Clickable Advent Calendar, 1 – Invasion: Christmas Carol
December 1, 2008 at 4:24 pm by Curt Holman in A&E
During the Christmases of my childhood, I always enjoyed advent calendars and the daily ritual of opening a little door to reveal a new surprise for each day of December until the 25th. Taking the advent calendar as inspiration, this month I’ll offer some tongue-in-cheek holiday blog entries, with the idea that clicking on, say, embedded video or “For the rest of this entry” lines are the online equivalent to opening a cardboard calendar window. First up is Invasion: Christmas Carol at Dad’s Garage, which is the only version of the Scrooge story where you may hear a word like “bacne.” Or “turduckephant.”

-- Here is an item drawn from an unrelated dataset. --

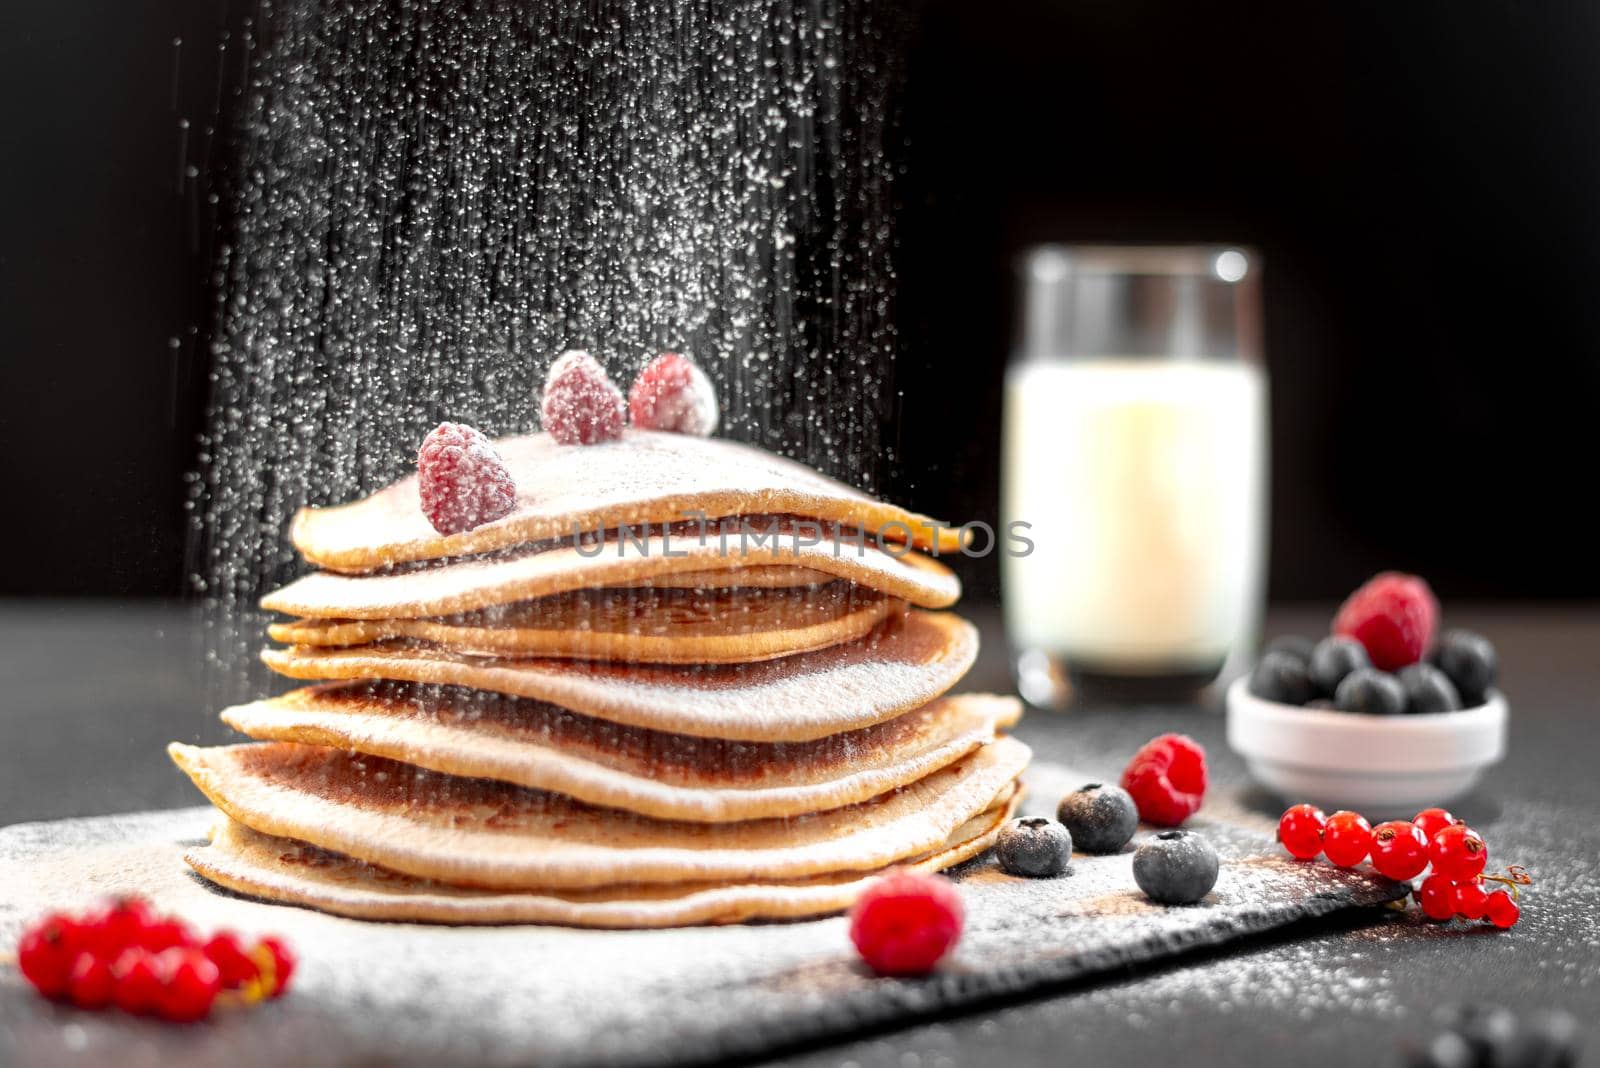 Large American pancakes on a dark background. Breakfast European. Chef sprinkles pancakes with powdered sugar on black background. Food for breakfast healthy eating. Pancakes without butter with berries. Food for vegetarians and for dieting. American Pancakes Mini. Mini pancakes with blueberries and raspberries. American breakfast on a dark background. Healthy eating for the whole family. Homemade pancakes with berries

The Christmas Carol satire rejiggers the “invasion” concept the theater used in last year’s Invasion: Our Town. Both shows turn a theatrical classic upside down by the addition of a mid-show “invader” who’s not only new to the text, but hasn’t been seen by the rest of the cast, who have to incorporate the visitor on the fly. Dad’s likes to draft current or defunct roles from its long-running improvised soap opera Scandal! as the invader, and on Christmas Carol’s opening night Scott Warren played the Ghost of Christmas Past as a blustering barbarian in a loin clout. The nightly invader, isn’t the most surprising aspect of Invasion, however, but the casting of Ebenezer Scrooge himself. I’ll put the detail behind the cut to avoid spoilers, although the end of Dad’s trailer for the show gives it away:
Amber Nash cross-dresses as Scrooge and brings a fresh perspective on an overly familiar role. With her make-up, muttonchops and permanent scowl, she has something of a Dr. Zaius look about her. She gives Scrooge a delightfully bitchy energy, so it’s a shame that much of the show inevitably makes Scrooge passive and regretful.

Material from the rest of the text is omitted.